8. Putus atau Terus

9.9K 1.6K 276
                                    

Maaf ya lamaa. Lagi sibuk banget di dunia nyataa.

Belum pernah Uwi merasa sealim ini. Intensitas ibadahnya meningkat drastis saat bulan puasa. Jangankan mengaji, tahun lalu saja puasa dia bolong 5 hari di luar menstruasi. Saking nggak kuatnya puasa dari jam 3 pagi hingga 10 malam.
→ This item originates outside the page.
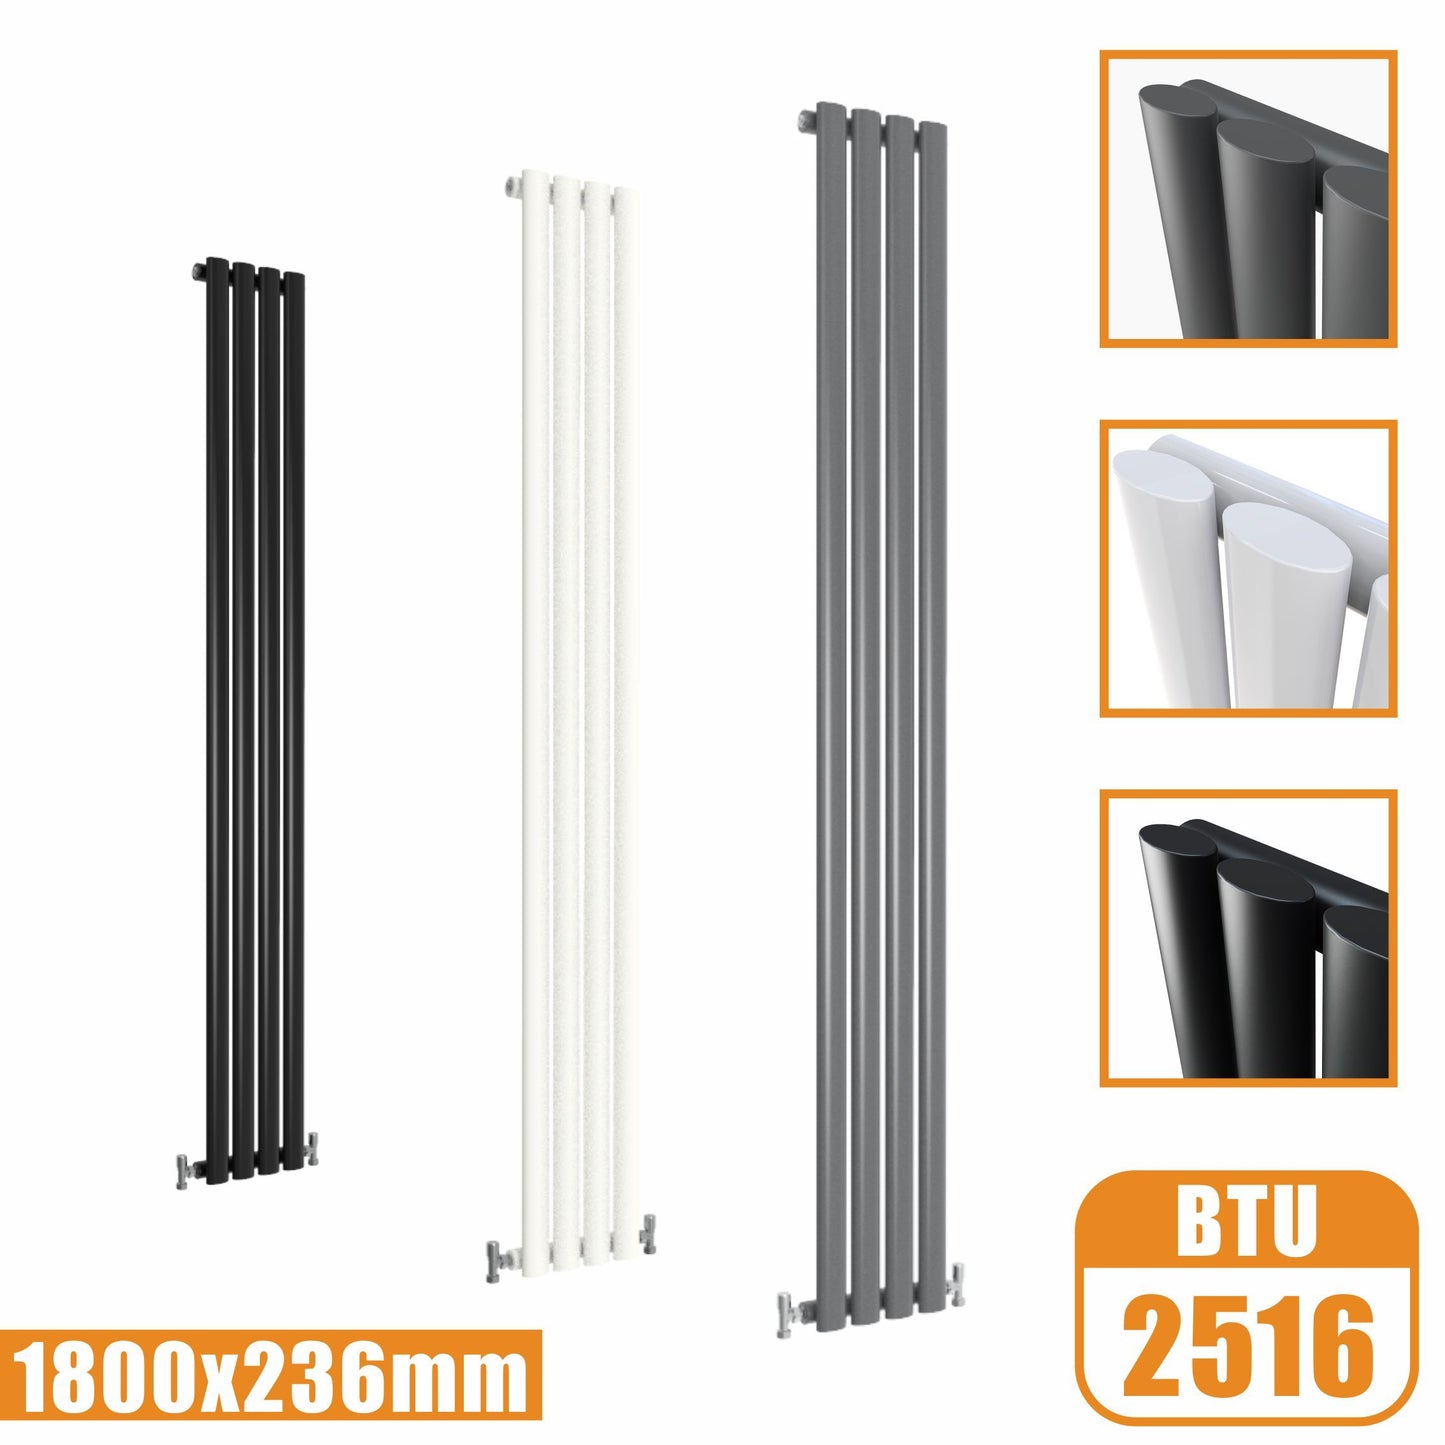 1800x236 vertical,oval column,radiators AICA rads

Tapi tahun ini, selain puasanya belum bolong, Uwi juga sempatkan tarawih, tadarus hingga hampir hatam 30 juz Al Quran, bahkan solat tahajud sebelum sahur.
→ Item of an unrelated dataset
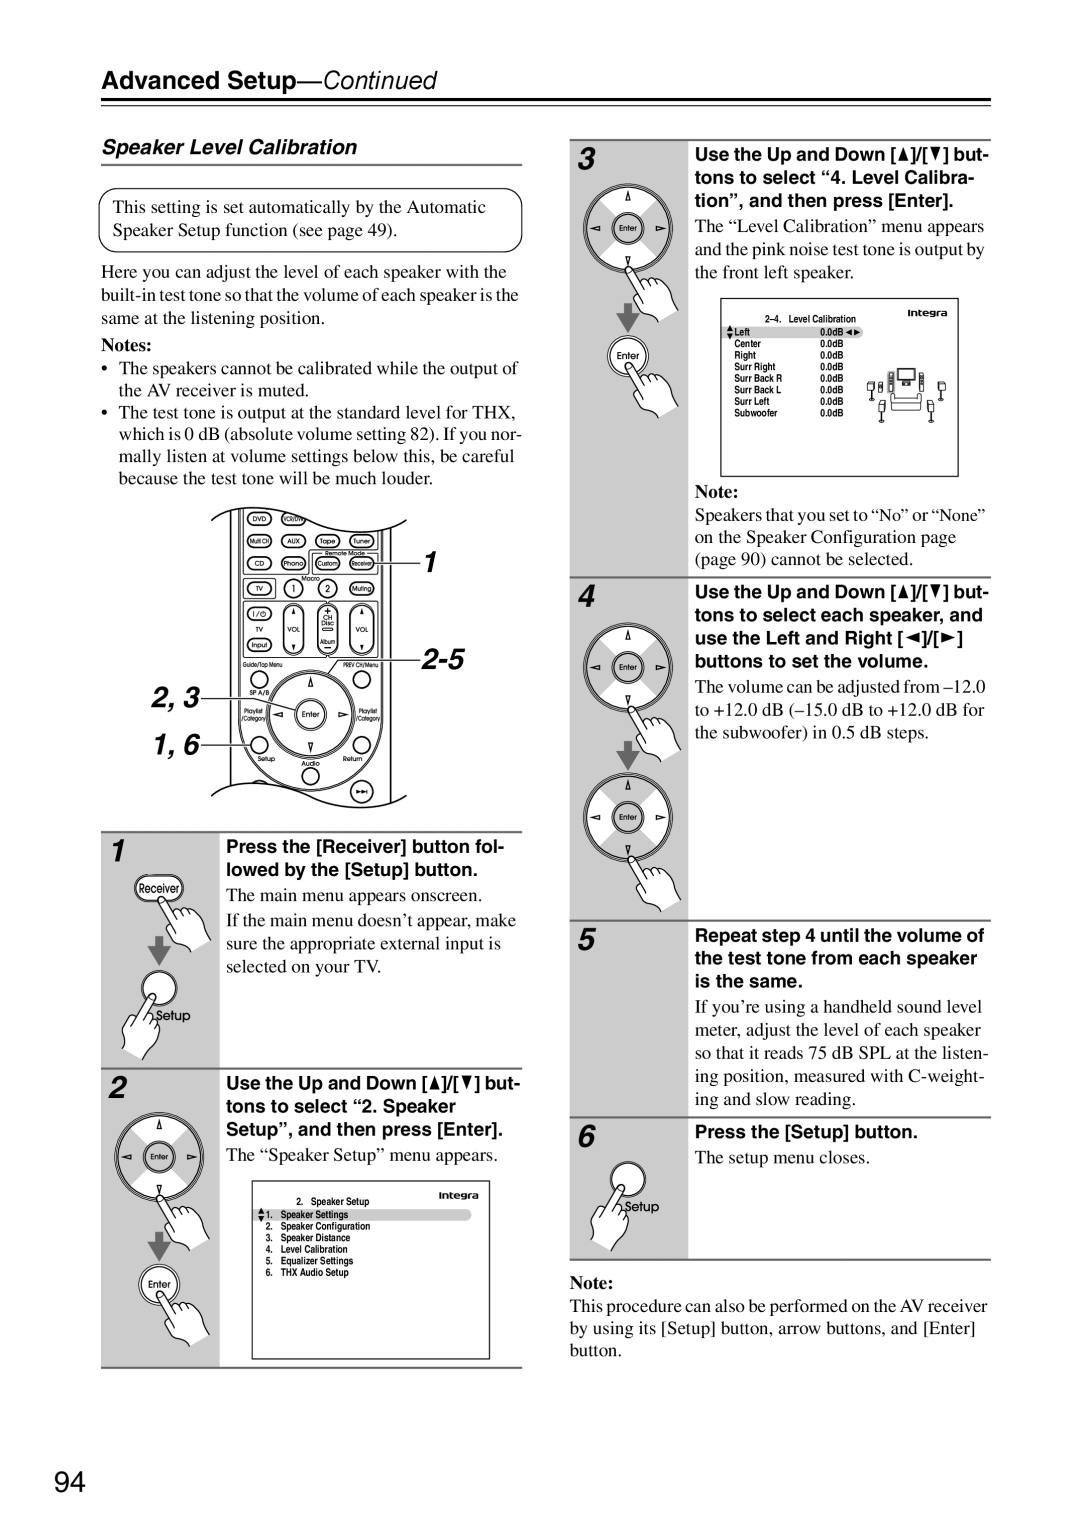 Onkyo DTR-7.9 instruction manual 1 2-52, 31, Speaker Level Calibration, Advanced Setup—Continued, Notes

Setiap Lily menghangatkan makanan sahur untuknya, Uwi pasti sedang menangis di atas sejadah. Tanpa henti melantunkan zikir dan istigfar atas himpitan di dada yang kian memekat.

Kegalauannya meningkat ratusan kali lipat kala melihat video Aga saat ibadah untuk pertama kalinya. Mulut yang biasa melontarkan kalimat-kalimat mesum, justru melantunkan lagu pujian yang paling khidmat sampai lelaki itu menangis. Memejamkan mata, menyanyi dengan suara paling kencang, sambil menengadahkan kepalanya ke atas. Seolah Aga berteriak meminta kedamaian dan pertolongan Tuhannya. Tuhannya Aga.
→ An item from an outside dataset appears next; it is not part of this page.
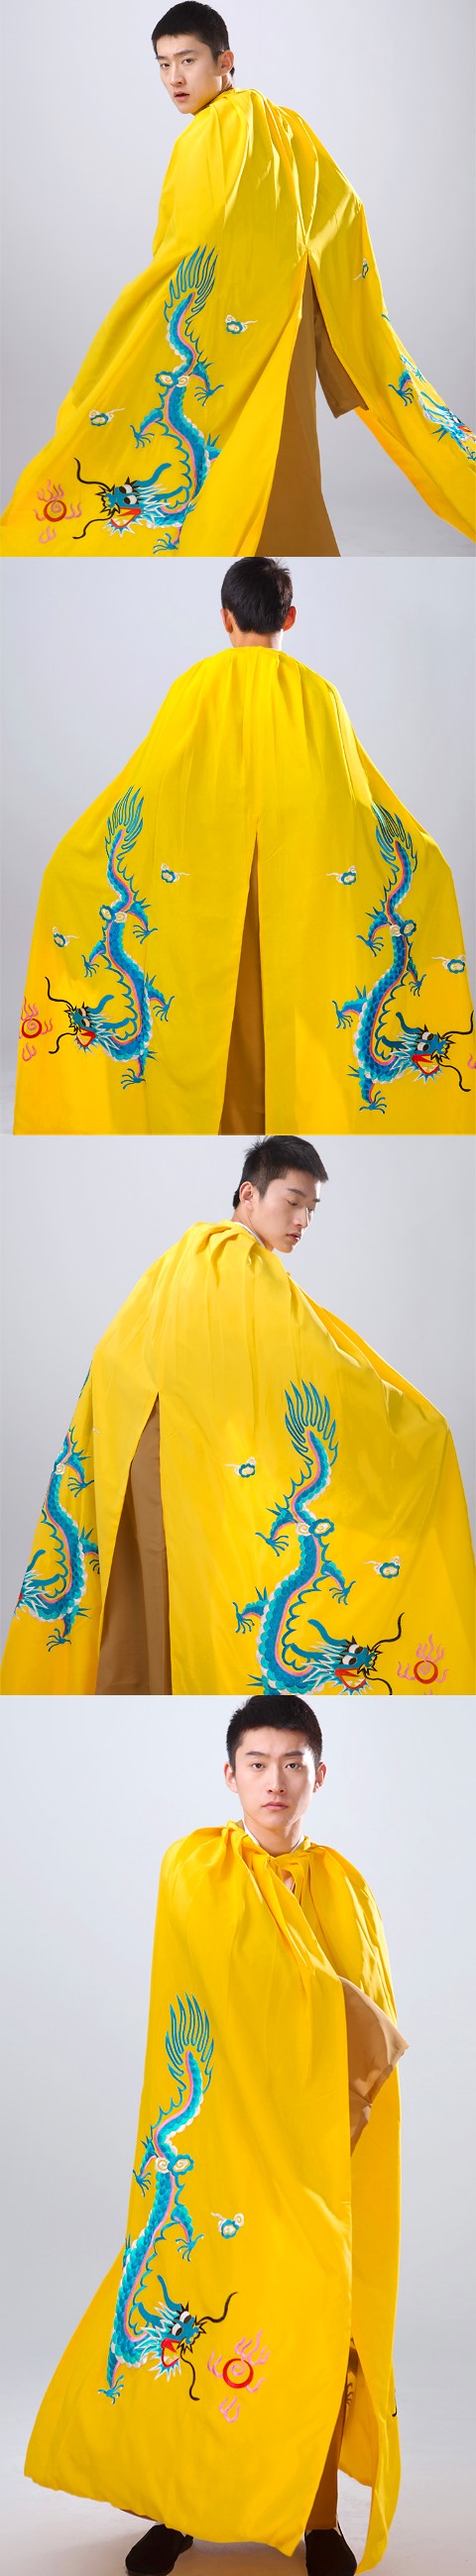 Men's Hanfu Dragon Embroidery Cloak - Yellow (RM)

Semakin membesarnya perasaan Uwi, semakin besar tanda tanya di kepala, akan dibawa kemana hubungan ini?

Setiap malam Uwi meminta petunjuk. Bukannya jawaban yang didapat, tapi malah hatinya yang makin gusar.

"Assalamualaikum Ibu. Udah makan sahur Bu? ... Ibu masak apa hari ini? ... Lily sama Uwi sahur pake semur ayam sisa buka puasa semalem ... Uwi? Oh, masih solat tahajud, Bu ... Mau Buuu. Lily mau. Tekwan yang Ibu bawain juga enak banget. Uwi juga doyan ... Bentar Lily tanyain Uwi ya Bu."

Mendengar Lily yang menelepon Ibu Mas David dengan ceria di dini hari membuat perasaan Uwi semakin sesak, karena membandingkan nasibnya yang berbanding terbalik. Keraguan Uwi kian menggunung.

Lily berjalan menghampiri Uwi saat air mata sedang deras-derasnya.

"Beb, ditanya Ibu. Mau dibawain bumbu soto betawi nggak. Heiii, kenapa Beb?" Senyuman Lily berganti kepanikan. Uwi hanya sanggup menjawab dengan gelengan kepala. Air matanya tambah tumpah ruah.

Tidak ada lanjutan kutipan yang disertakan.